The husband, who has concealed a trinket and a small whip in each boot, then “orders the bride to pull off his boots; and if it happen that she pull off that first which has the trinket, he gives it her, and it is considered as an omen of good fortune to her; but it is reckoned unfortunate if she take off that first which contains the whip. In that case, the husband gives her a stroke with it, as an earnest of what she is to expect in future.”
Then the couple are left alone for two hours while old women wait outside the door. The bride is to then present to the women “the marks of her virginity.” The old women braid the bride’s freshly disheveled hair and go demand the dowry from the parents.
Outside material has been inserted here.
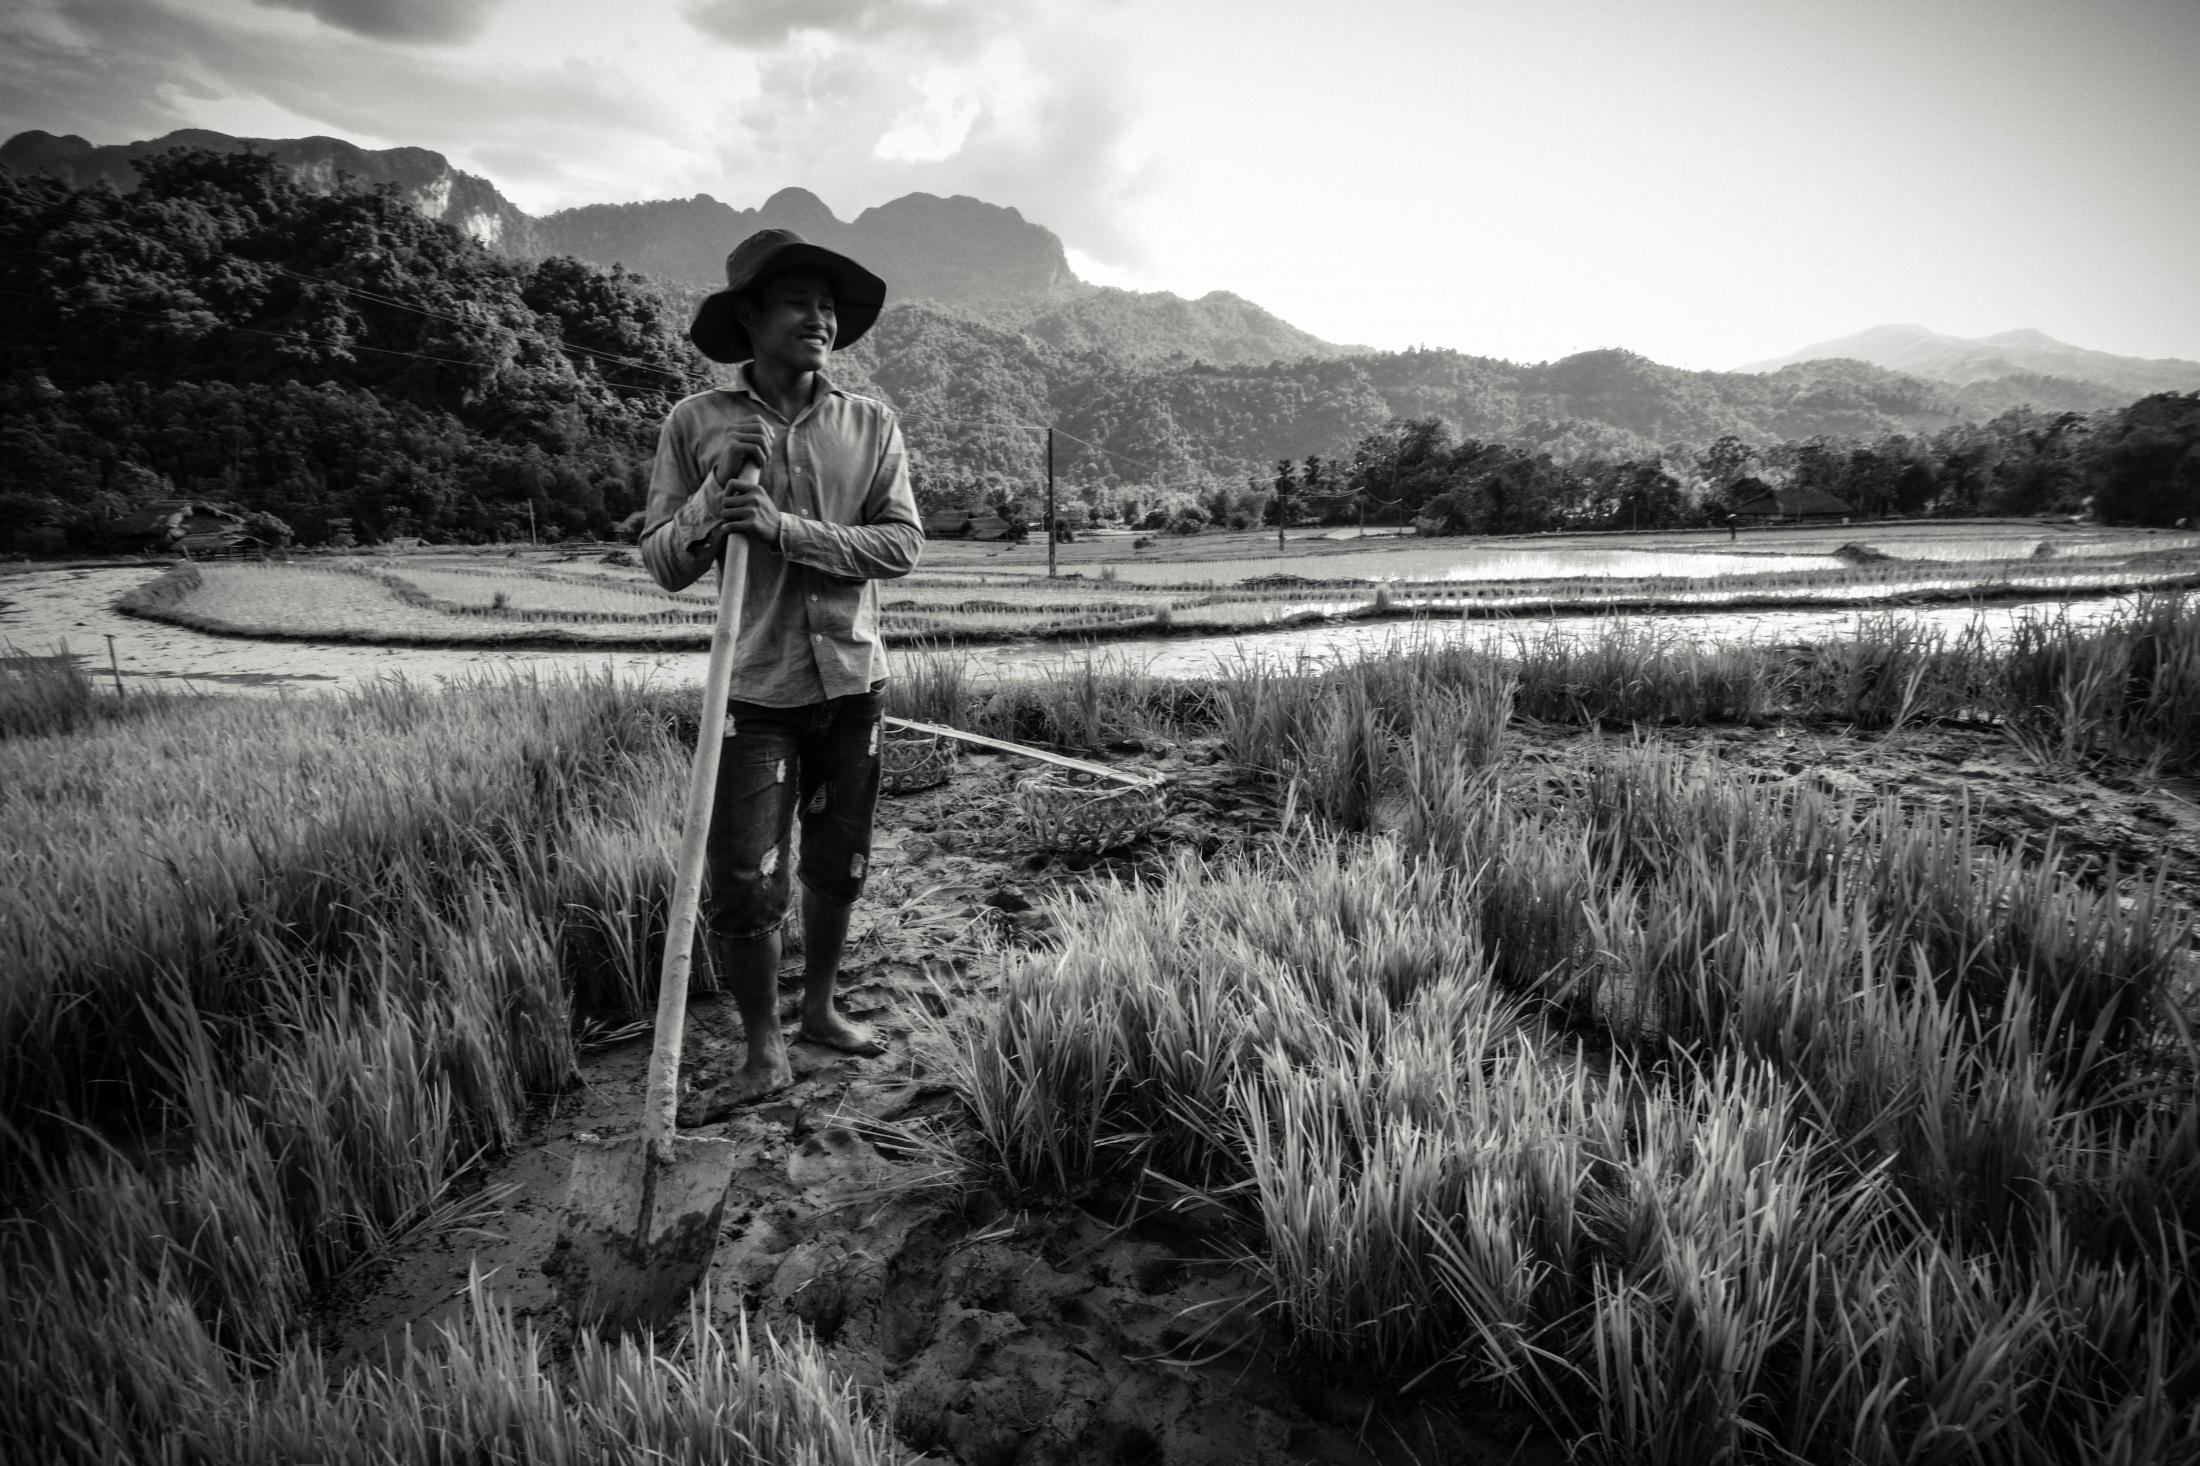 <p>Field Worker, Yen Dinh, Vietnam</p>

6. The Swedish Tradition of Giving Wives the Upper Foot
In Sweden, they conjured little tricks to make sure the wife had the upper hand in marriage. According to E. Lumley’s 1851 Scandinavian Popular Traditions and Superstitions, a bride had to attempt to see the groom before he could see her to ensure she remained in charge. She also had to keep one of her feet in front of his feet during the entire ceremony, and sit down first at the following wedding banquet. The bride then had to drop an item so her groom could bend over and pick it up; this served as assurance that he would always “bend his back to her will.”
7. The Tradition of Beating the Groom
Here’s a tradition, recorded in 1921’s The History of Human Marriage, Volume 2, that was shared as by people who lived in what’s now Belarus and as well as folks in Colombia. In Belarus, the groom’s best man follows the couple into the bedroom, waits until they’re under the covers, beats his friend with a whip, and yells, “Look at each other, kiss, and embrace! Fast!” In old Colombia, the whip-man follows the couple to their marital hut and yells at the groom, “Take the woman!” and then beats him with a whip.
8. The Dutch Tradition of Reminding Men to Appreciate Cats
If someone was looking for a wife in the 19th-century Netherlands, it was helpful to appreciate cats. According to one bit of advice recorded in Northern Mythology: North German and Netherlandish Popular Traditions and Superstitions by E. Lumley: “Those who do not like cats will not get handsome wives.”
A version of this story originally ran in 2014; it has been updated for 2024.